▶ _DATA BELOW_
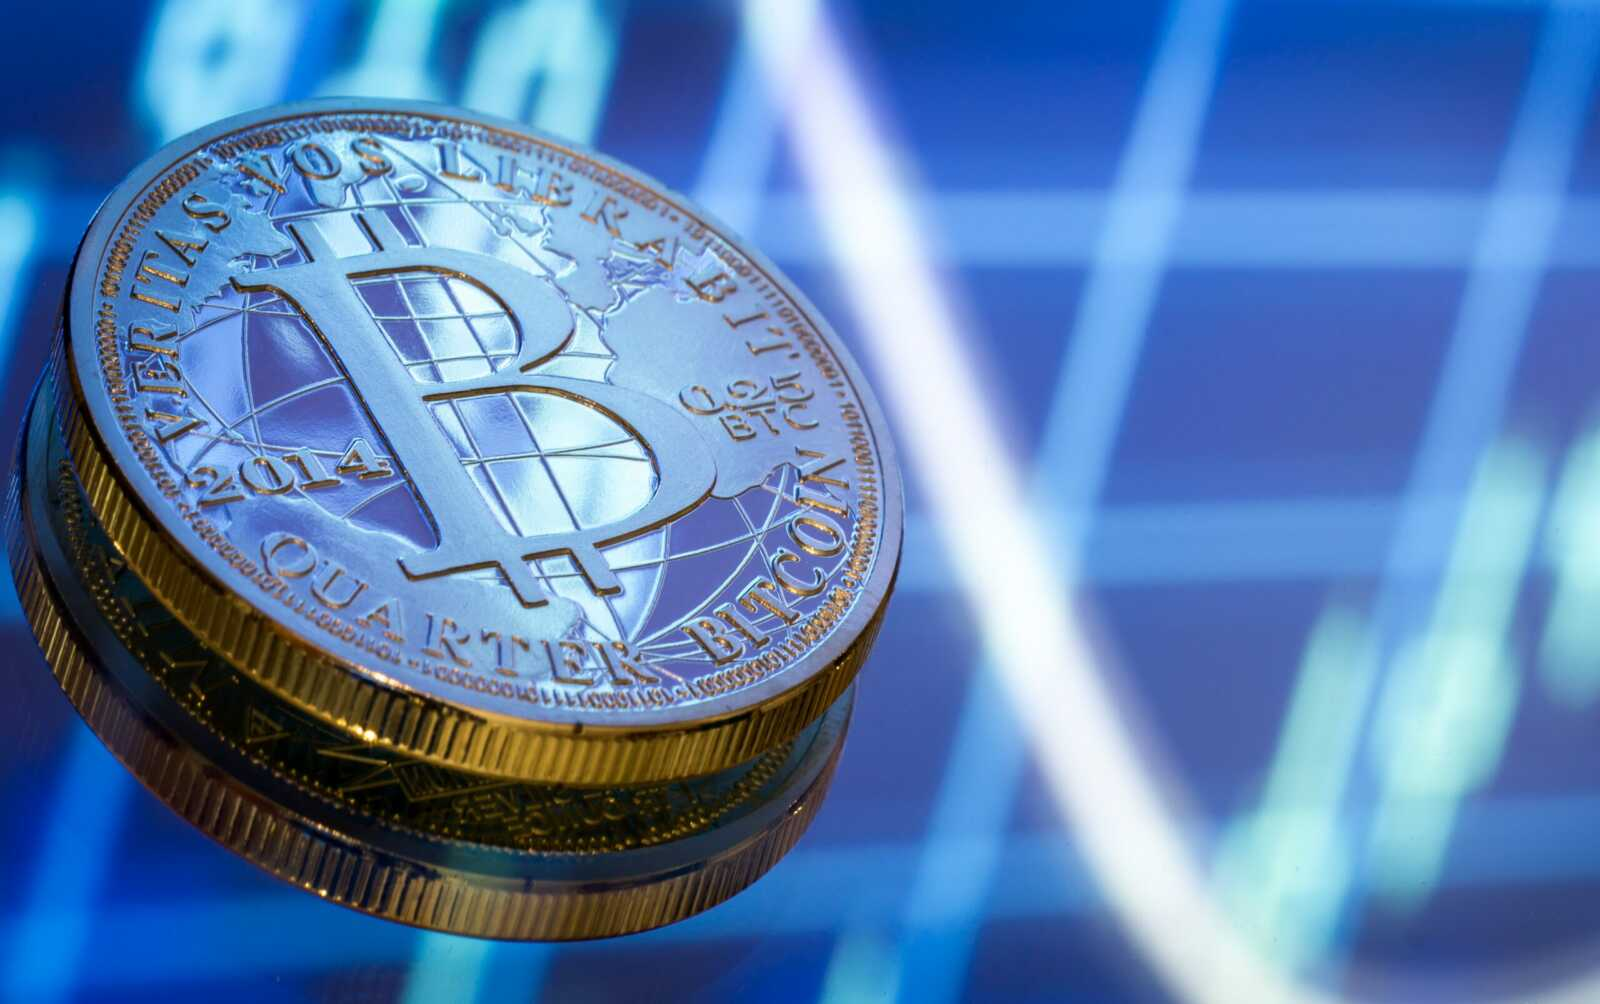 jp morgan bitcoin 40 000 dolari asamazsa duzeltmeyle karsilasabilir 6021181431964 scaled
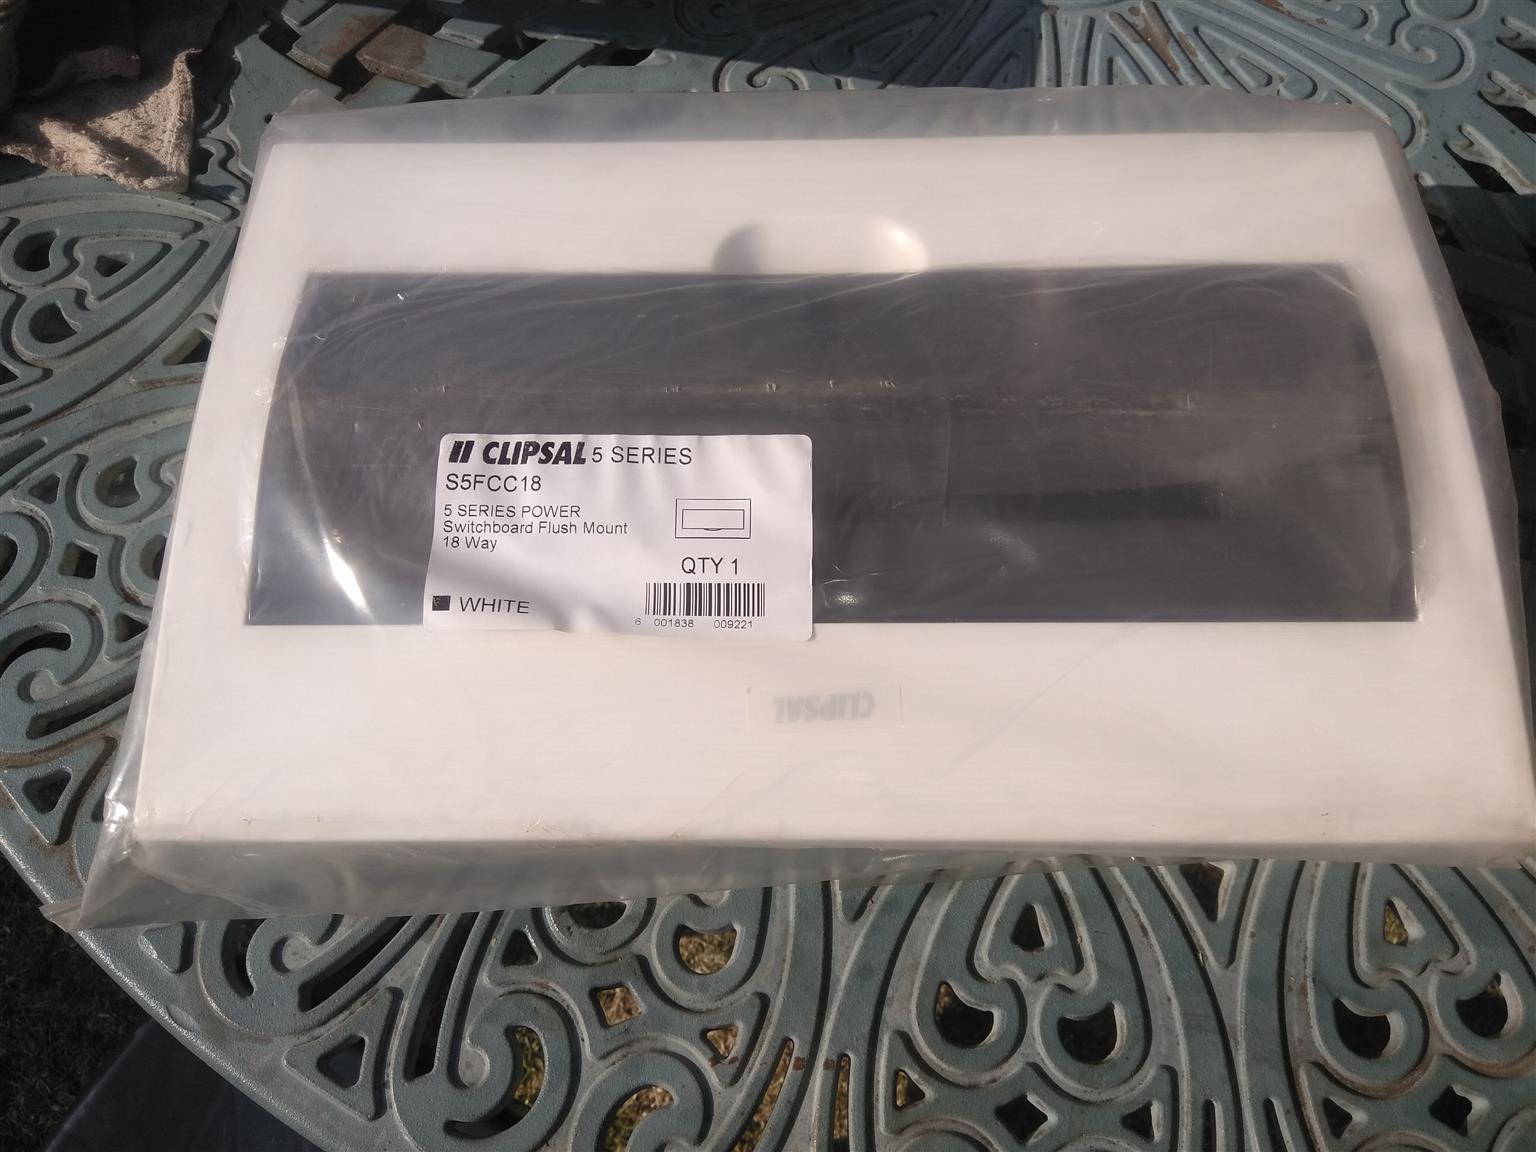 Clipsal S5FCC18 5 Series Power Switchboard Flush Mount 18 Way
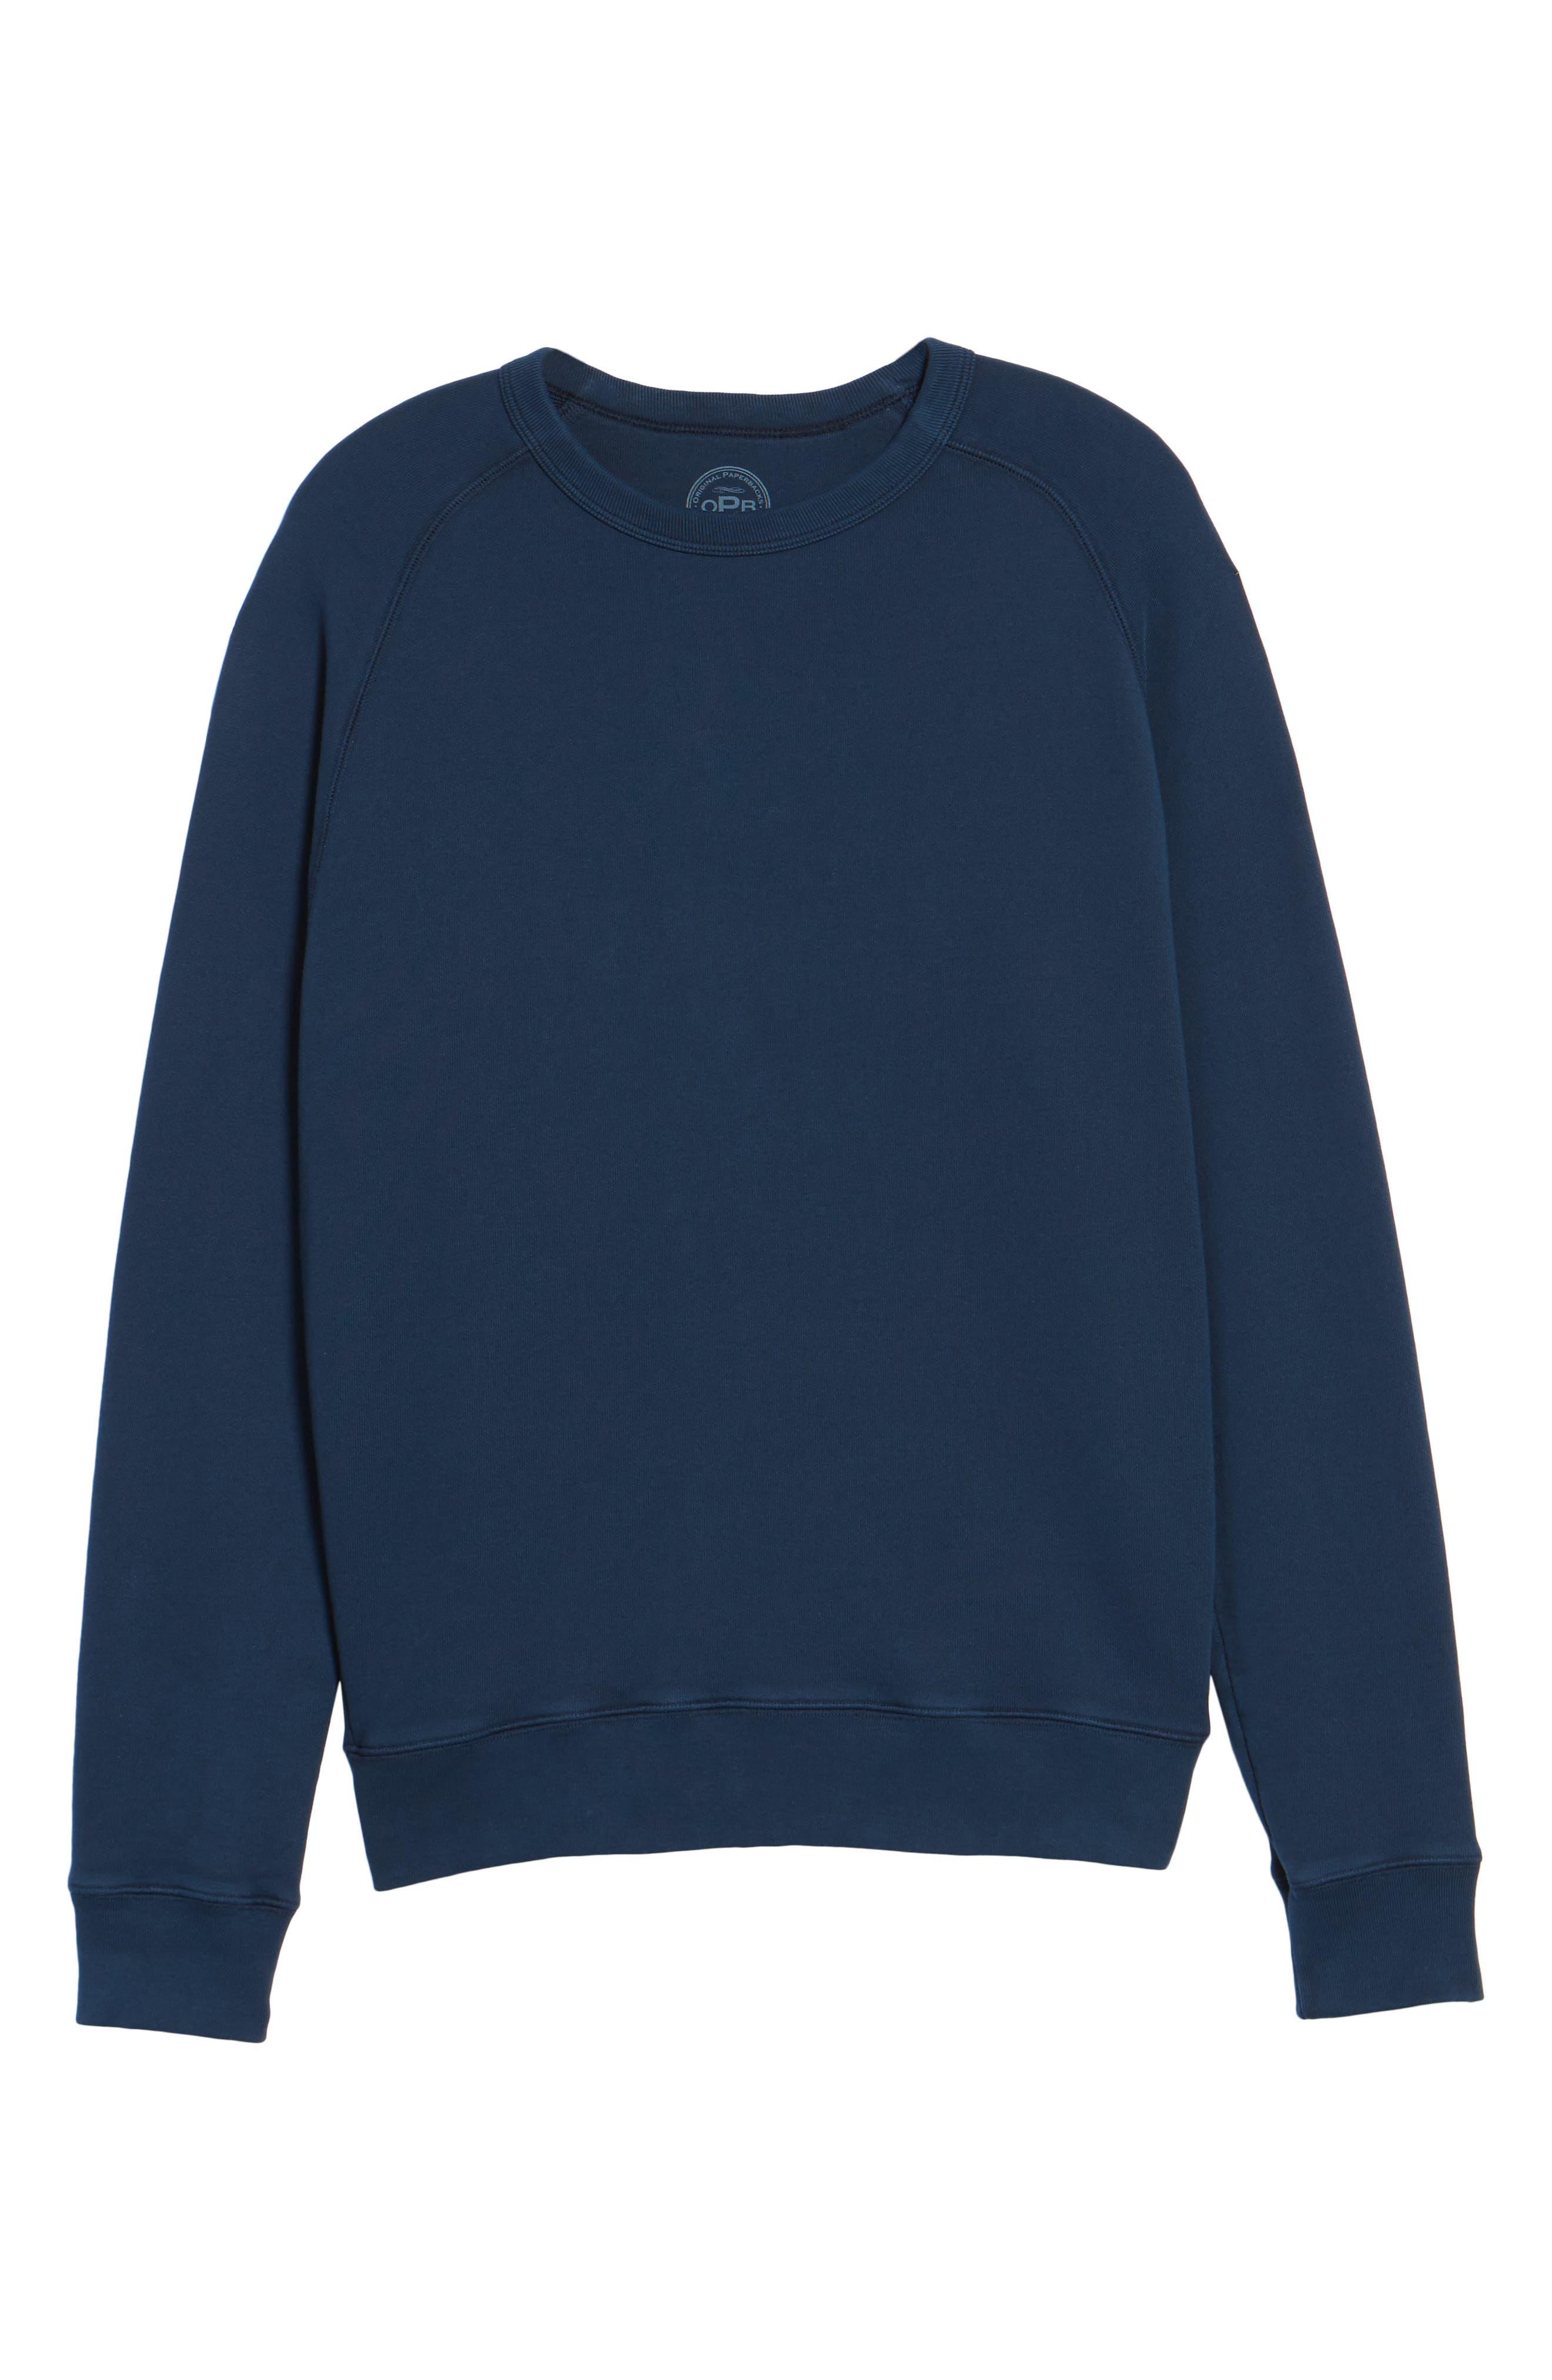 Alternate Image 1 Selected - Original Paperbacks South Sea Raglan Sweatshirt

▶ _PROBLEM DETAILS_
Each of the lines above should be transcribed exactly; no image is to be copied.

▶ _SOLUTION TO THE EXERCISE_
 jp morgan bitcoin 40 000 dolari asamazsa duzeltmeyle karsilasabilir 6021181431964 scaled
 Clipsal S5FCC18 5 Series Power Switchboard Flush Mount 18 Way
 Alternate Image 1 Selected - Original Paperbacks South Sea Raglan Sweatshirt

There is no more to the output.